▸ **Task statement**: Retype the lines from the one containing "Baggage transport network Bhuj to Dighwara" through the last line of the entries below, exactly and in full, omitting every image.

▸ **Data provided**:

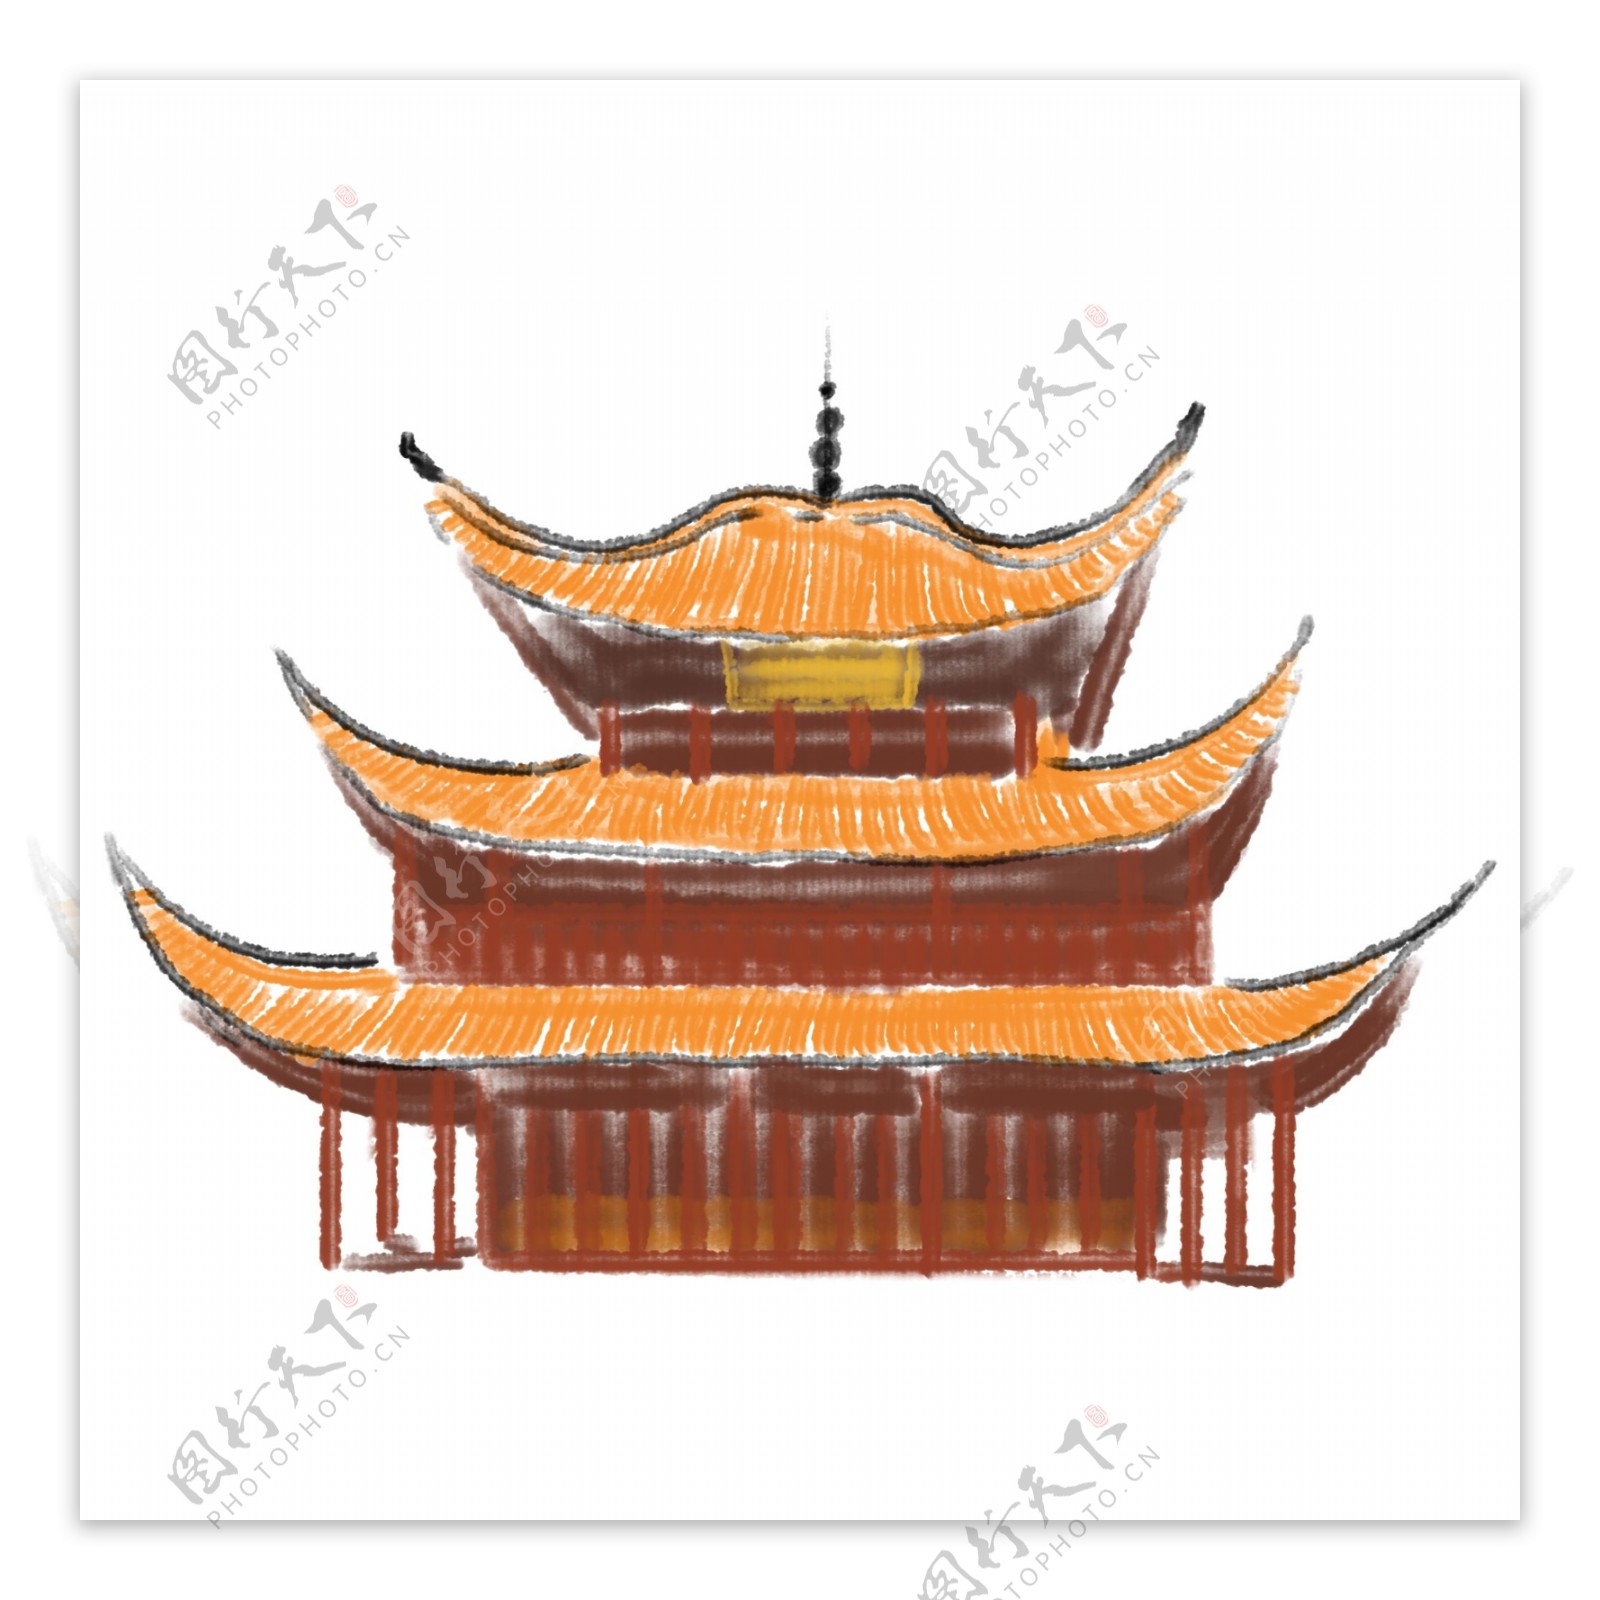 水墨中国古建筑插画
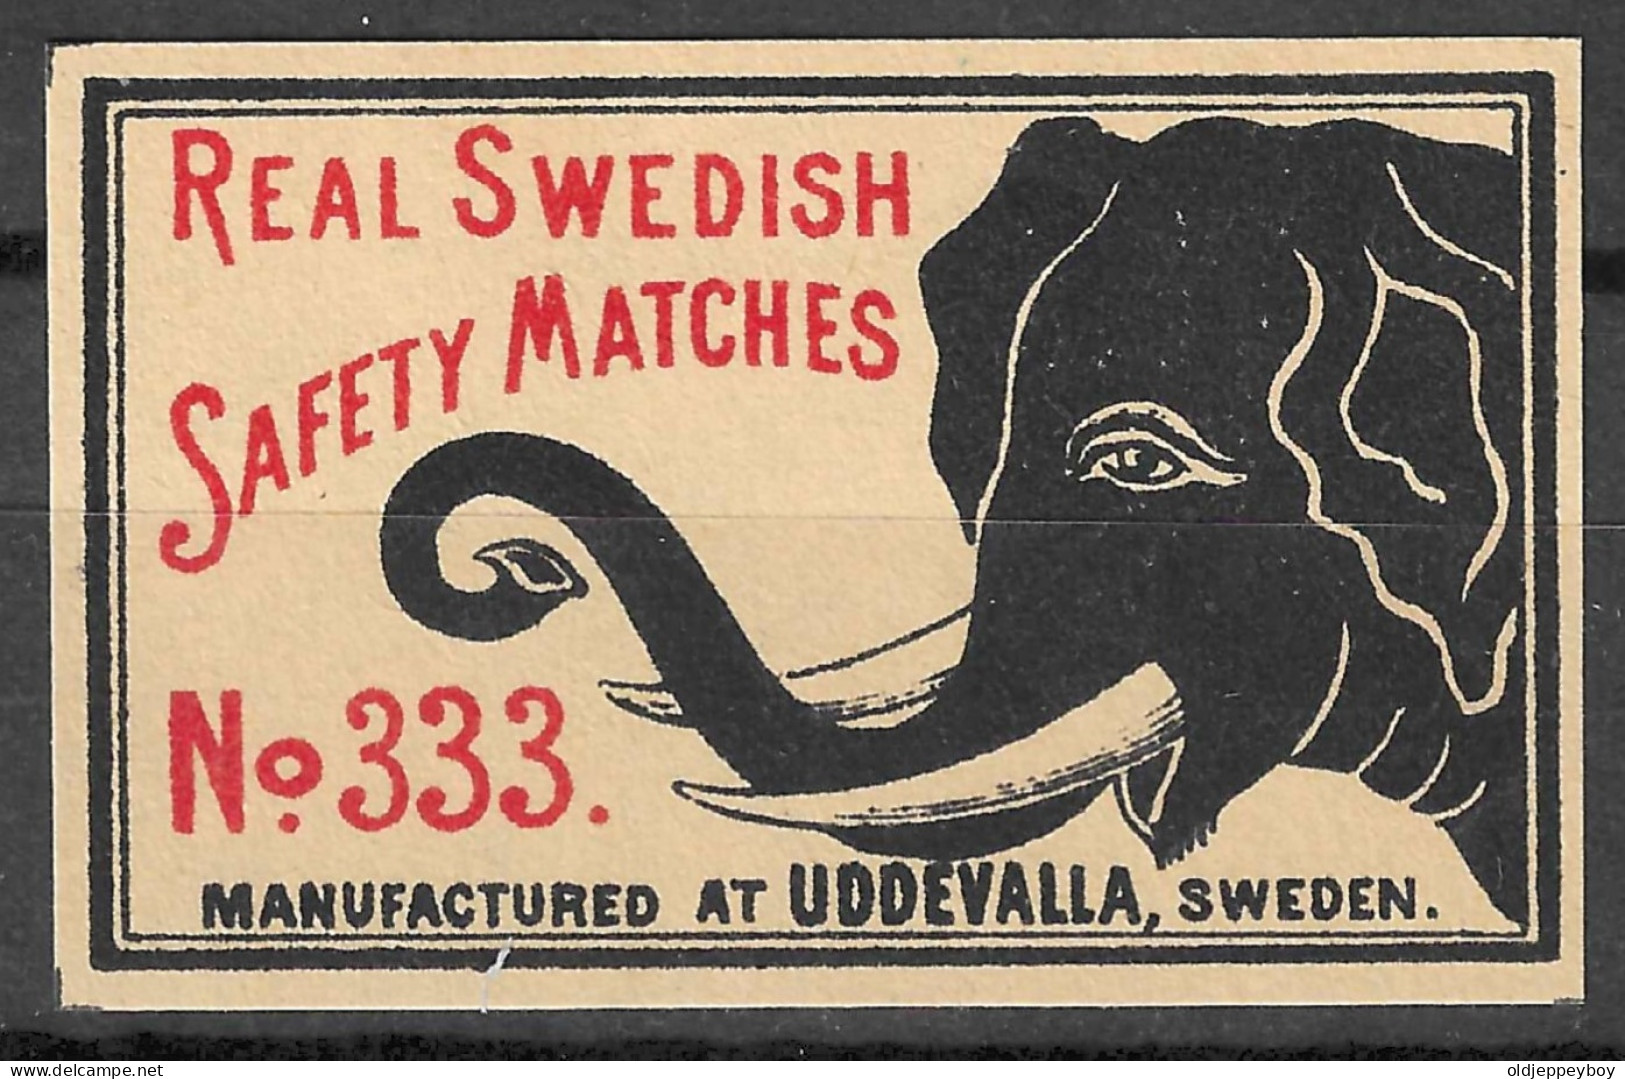 MADE IN SWEDEN UDDEVALLE VINTAGE Phillumeny MATCHBOX LABEL REAL SWEDISH SAFETY MATCHES Nº333  5.5  X 3.5 CM  RARE - Luciferdozen - Etiketten
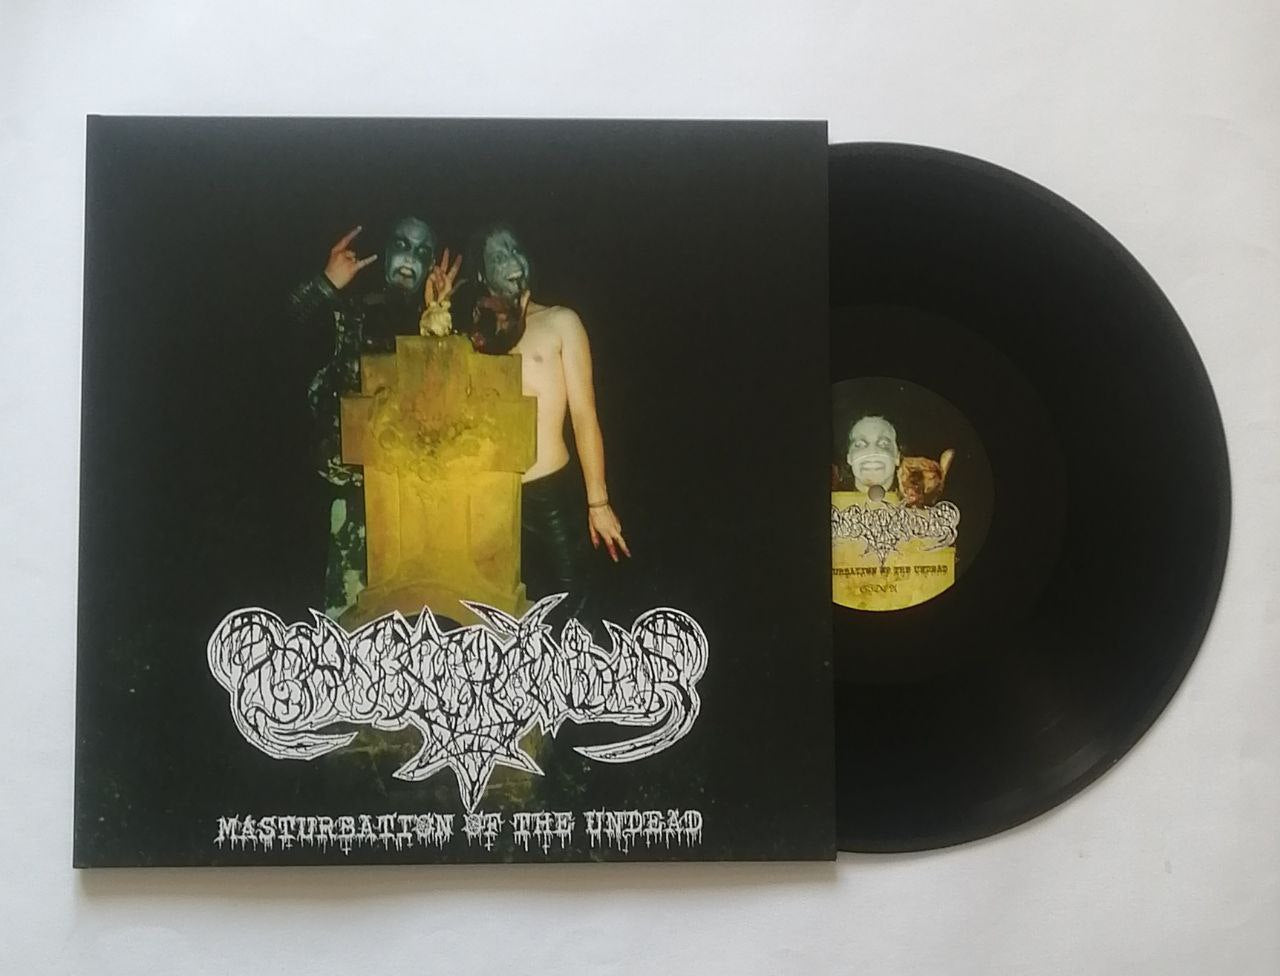 Grabschänder (Ger) "Masturbation of the Undead" - 12" LP ***New in Stock***
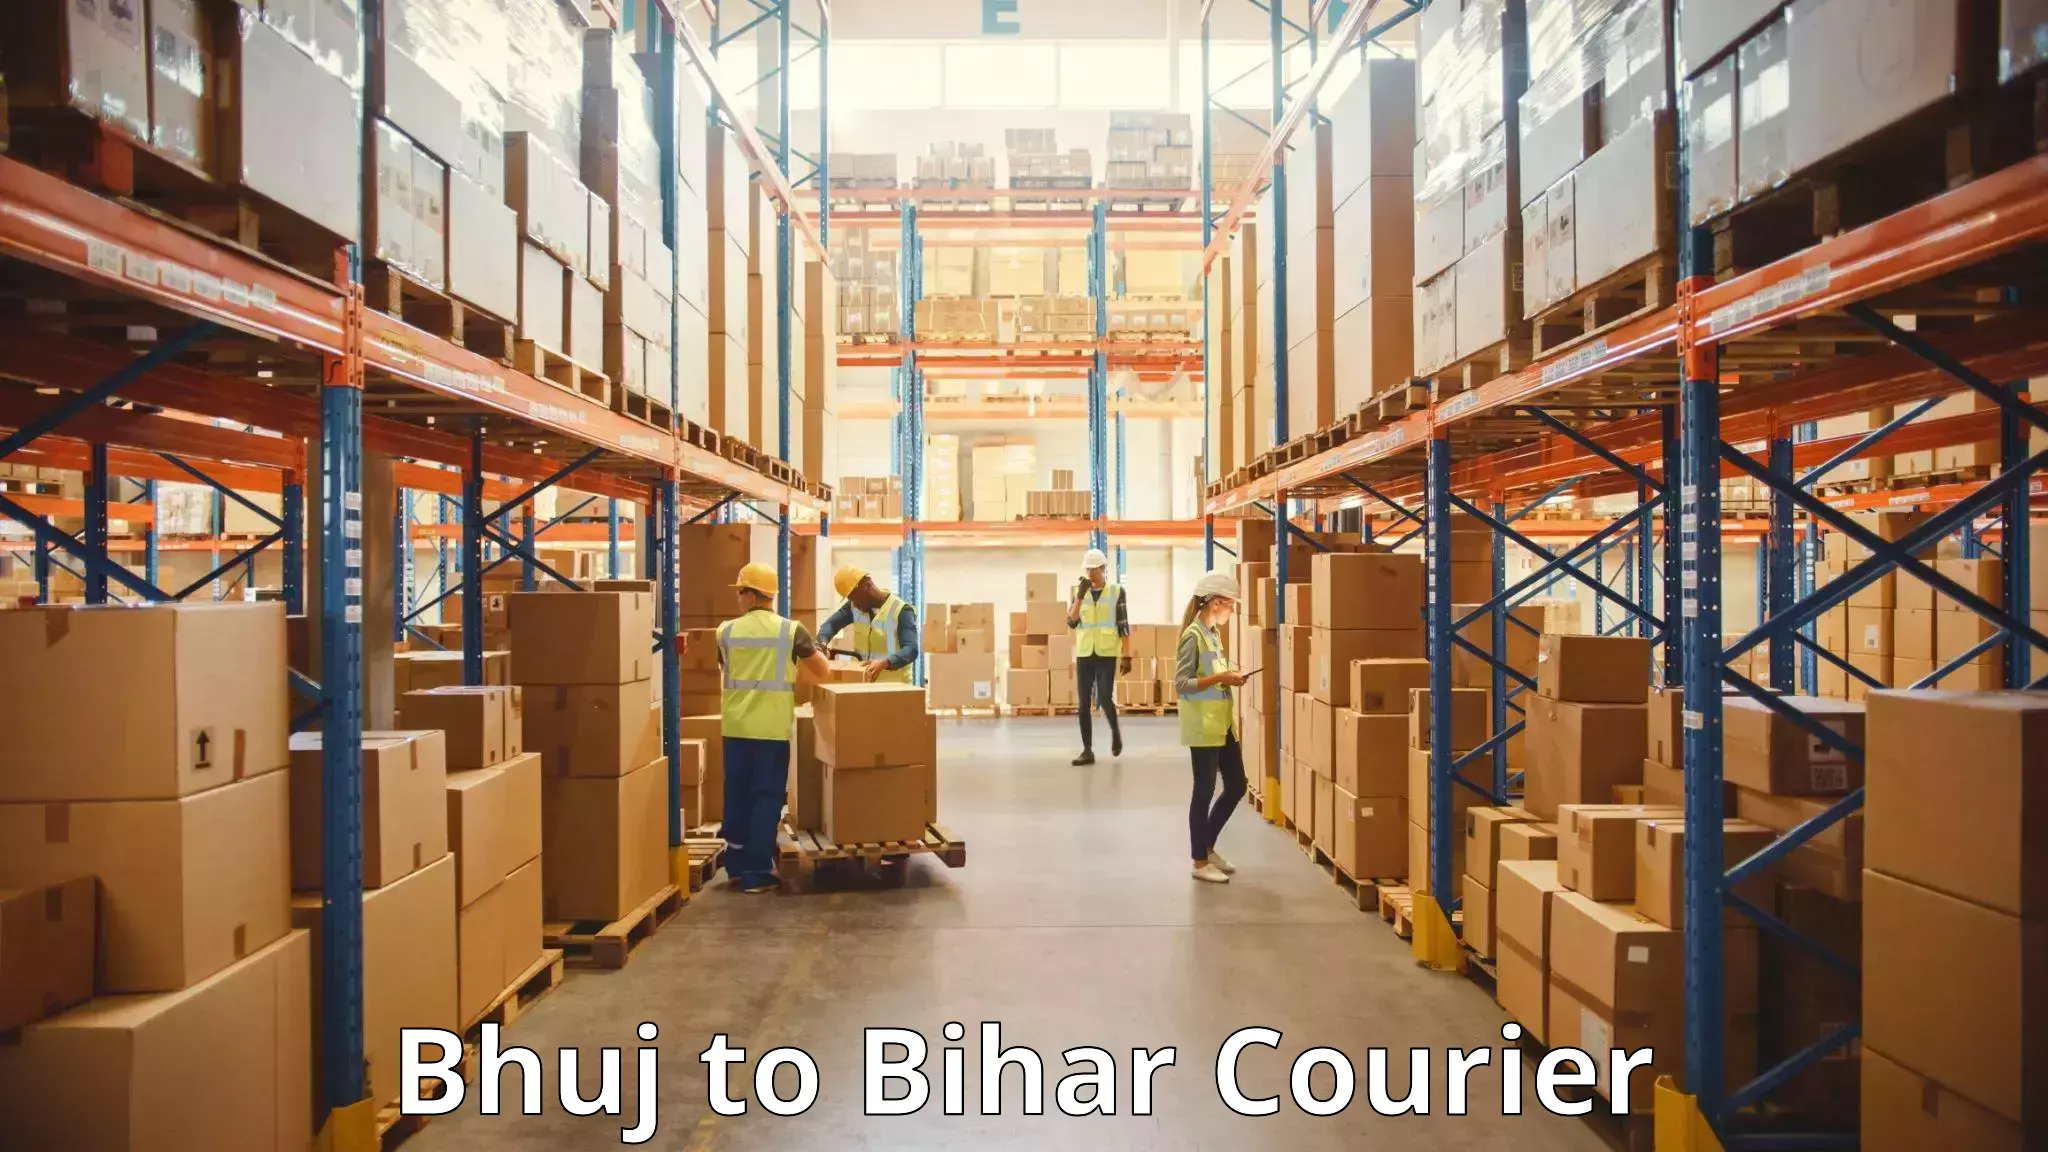 Baggage transport network Bhuj to Dighwara
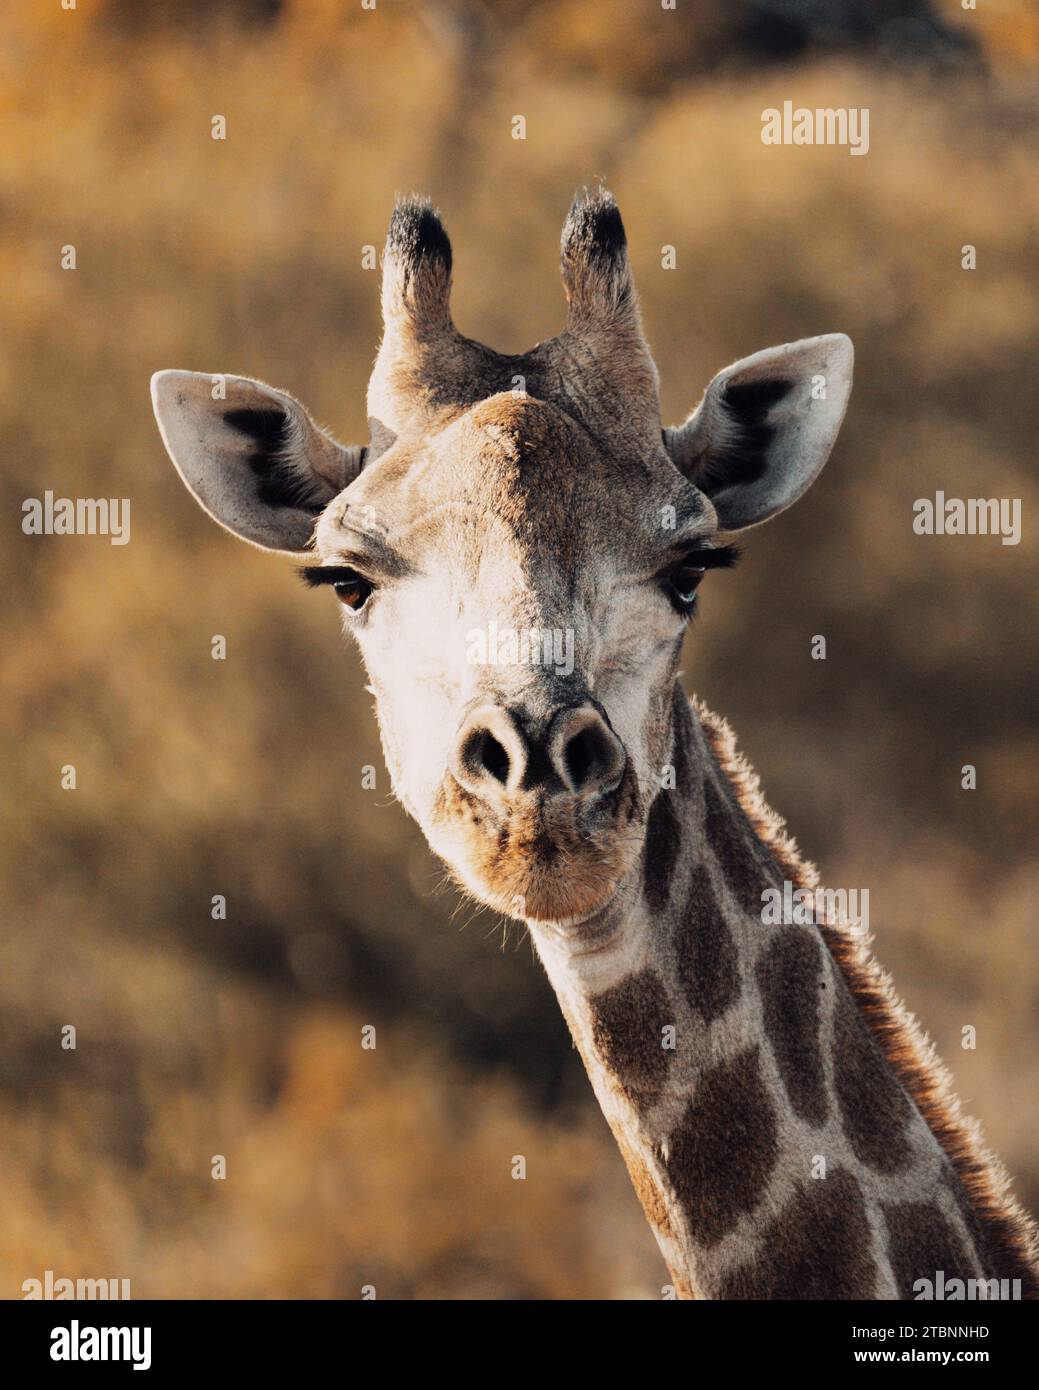 Nahaufnahme des Gesichts einer Giraffe, aufgenommen in exquisiten Details, während es direkt in die Kamera blickt. Stockfoto

▸ **Your solution**:
 Baggage transport network Bhuj to Dighwara
 Nahaufnahme des Gesichts einer Giraffe, aufgenommen in exquisiten Details, während es direkt in die Kamera blickt. Stockfoto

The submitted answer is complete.